Last year, Blaney earned his playoff spot early, at Atlanta. His other wins that year were the last two races of the regular season.

And don’t forget that he won this year’s All-Star Race.

Don’t write him off until the haulers leave Daytona.

Blaney in 2022

Blaney’s 2022 season has been up and down, as the graph below shows.

The week-by-week rank and finishing position for Ryan Blaney

He’s earned seven finishes between second and fifth places and 10 top-10 finishes. Those seven P2-P5 finishes are only one less than he had in all of 2021.

Aside from finishes, Blaney is having an outstanding season. Here are just a few of the highlights:

  • Blaney ties with Denny Hamlin and Christopher Bell for most poles with three.
  • He’s in second place in average running position at 11.0. He trails only Chase Elliott, whose current average running position is 10.2.
  • Blaney ranks second in average starting position (8.95), behind only Kyle Larson (8.43).
  • He holds second place in quality passes with 1,298. Elliott leads with 1,403.

The third-place-in-points driver has a series of third places as well.

  • Blaney is third in season driver rating behind Elliott and Ross Chastain.
  • He’s third in overall green-flag speed, beaten again by Elliott and Chastain.
  • Blaney’s average finish position of 13.1 trails only Elliott and Chastain.
  • He has the third-highest percentage of laps run in the top 15 with 73.1 percent.

Blaney also has five stage wins, and he’s led laps at more tracks than anyone else in 2022. The only places he hasn’t led laps are the Bristol dirt race, Darlington, Sonoma, Loudon and Pocono. The second-ranking drivers in the list of laps led at different tracks are Larson, Joey Logano and Kyle Busch

But Blaney’s future — even if he does make the playoffs — is clouded by some significant negatives.

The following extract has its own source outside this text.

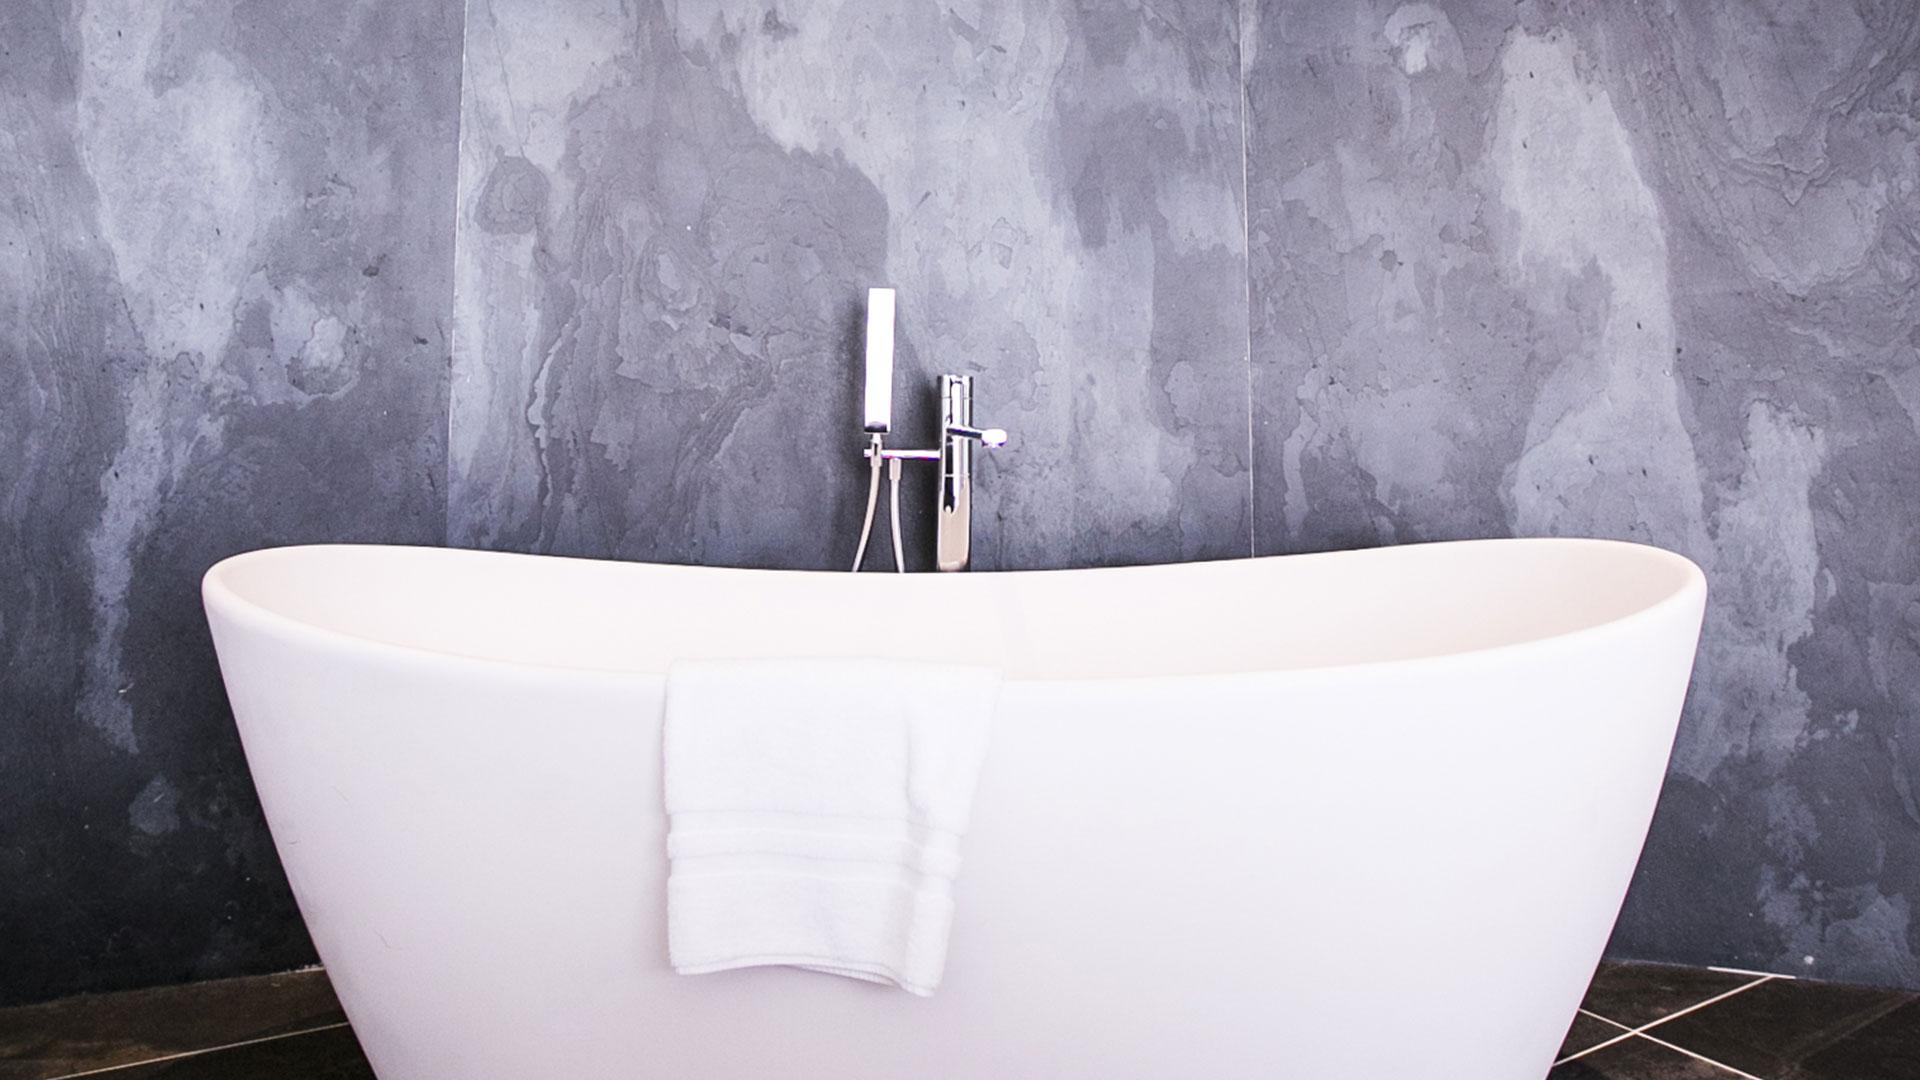 Suite La Plage et sa magnifique baignoire dans le salon de la chambre avec vue mer, hôtel bord de mer méditerranée, Hôtel La Plage.

  • Blaney has yet to finish higher than third this season.
  • His last points win was 31 races ago, in the 2021 summer Daytona race.
  • The list of five tracks where he hasn’t led laps includes the two most recent tracks raced. He finished out of the top 15 at both races.
  • Although Blaney’s had three poles, he hasn’t earned a pole since Richmond.
  • His recent performance is on a down cycle. He has finished outside of the top 10 in three of the last four races.
  • Blaney is one of three drivers in the top 10 in points without a win.

Blaney was a contender for the regular-season points championship, but his recent slump overlapped Elliott’s string of five consecutive top-two finishes. Most concerning is that Blaney has lost 49 points to Martin Truex Jr. in the last two races. Truex is the last driver who will make the playoffs on points if there are no new playoff-eligible winners.

Blaney’s manufacturer, Ford, is struggling with the Next Gen car. The Blue Oval has just four wins in 21 races this year: two from Logano and one each from Austin Cindric and Chase Briscoe.

Despite being winless, I still rank Blaney as Ford’s top driver. Logano’s season-at-a-glance graph is similar to the other Ford winners this year: More down than up, even though the ups are higher than Blaney’s. Logano’s average finishing average is 15.9 compared to Blaney’s 13.1.

The week-by-week rank and finishing position for Joey Logano

Blaney edges out Kevin Harvick as the stronger driver. While their finishing averages are comparable, Blaney has a far better starting average.

Why isn’t Blaney winning races?

Harvick’s challenge this year has been qualifying, but that’s not an issue for Blaney. In addition to everything mentioned above, Blaney is tied for fifth in lead-lap finishes, is fourth in top fives, seventh in top 10s and eighth in fastest laps.

It’s hard to find stats where Blaney is low on the list.

But there is one.

The “closers” stat measures a driver’s running position at the 90 percent mark of a race relative to the driver’s finishing position. In other words, it measures how many positions a driver gains — or loses — in the last 10 percent of a race.

The next graph shows the total number of positions gained or lost in the last 10 percent of all 21 races this season. I included only the eight drivers with an average finishing position less than 15, as these drivers are Blaney’s peer group.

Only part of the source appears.